When you enter, there is room for about three people between the door and the register where you place your order. There is a decent selection of specialty pizzas on the menu, a couple salads, and very oddly for a restaurant that carries no other seafood, an oyster menu? So I would assume when they were identifying their target audience, they decided it was anyone who likes to shoot oysters and drink wine when they eat pizza. If you are one of those oddballs who prefers beer and soda with your pizza, this spot is not for you. They have a small handful of beers for beer snobs and only sell a few sodas in glass bottles, so drink slowly, because no refills.
The thing that really irked me was that if you buy a specialty pizza you can split it 50/50 but it costs $4.00 extra regardless of the combination. So if you want half of a $30 pizza and half of a $20 pizza for your kid, they will charge you the full $30 PLUS $4, so they save half a pizza in toppings and charge you extra for it. If you have kids, leave them at home or order the pizza to go, this ain't the place.

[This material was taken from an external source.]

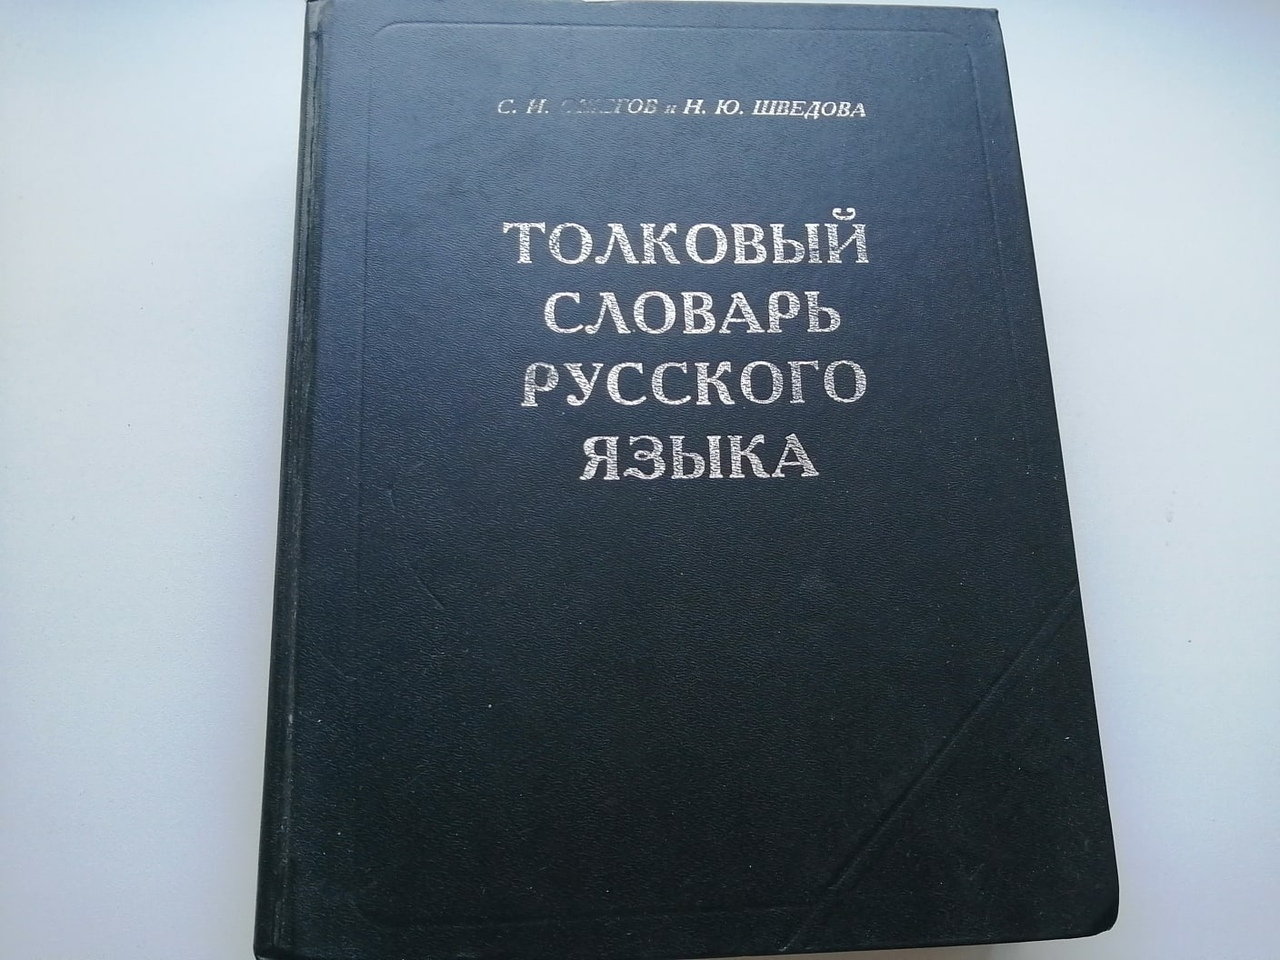 Фото словарей русского языка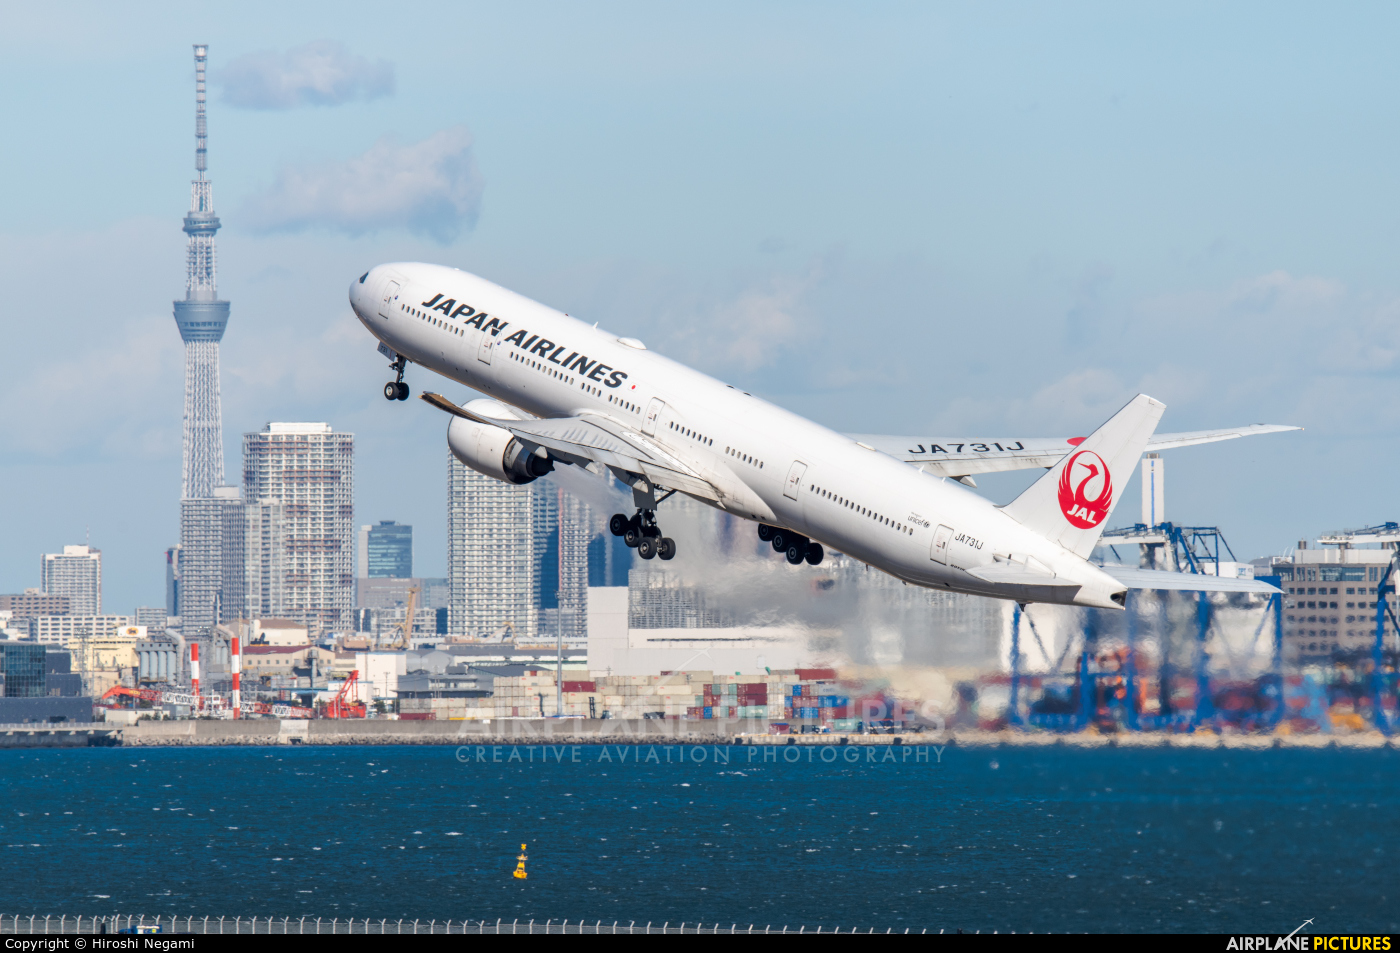 JAL - Japan Airlines JA731J aircraft at Tokyo - Haneda Intl

Finally, and this is what hurts the most, I thought the pizza was AWFUL. Instagram ads have had me looking forward to trying this hot honey pizza for months, named the "Killer BEE" on the menu, because honey(?), and among a few other playful pizza names on the menu that are completely inconsistent with the rest of the menu and the entire ambiance of the restaurant. The pizza came out on a standard metal pizza pan like a traditional pizzeria, only without a pizza cutter or anything to transfer the slices to your plate. As a result, you pick up the floppy, limp piece of pizza and all the cheese and toppings proceed to slide off onto the pan. I would have settled for any amount of crispness, but it was thin and doughy at its best. One of the ingredients of the pizza was supposed to be Gorgonzola, so I was excited because I love Gorgonzola, but I think they must just spritz the essence of Gorgonzola onto the pizza because I didn't see or taste any at all. The pizza was absent of any of the flavors of the listed ingredients with the exception of the honey which I did taste. It just tasted like a mild tomato sauce and low sodium mozzarella.
One pizza here is enough for two people, or for my grandmother and two of her friends as they sip their boxed white wine on the rocks. I am also admittedly not a fan of the new generation of restaurants with food runners, but no servers. I'm actually surprised that this restaurant just doesn't make you order from a QR code on the table instead of holding up the line while you stare at the menu and order from someone who can't even hand you your soda bottles when you are done ordering because they come out of the kitchen window delivered to your table like the food.
I'm sure this restaurant will probably do better than it's predecessor because there always seems to be a niche for new pizza spots, and my friends who recommended it to me are definitely the type to hype a restaurant based on decor alone. At this restaurant you are definitely paying for the decor and the location moreso than you are for flavor. I would classify this as a "Boutique Pizzeria".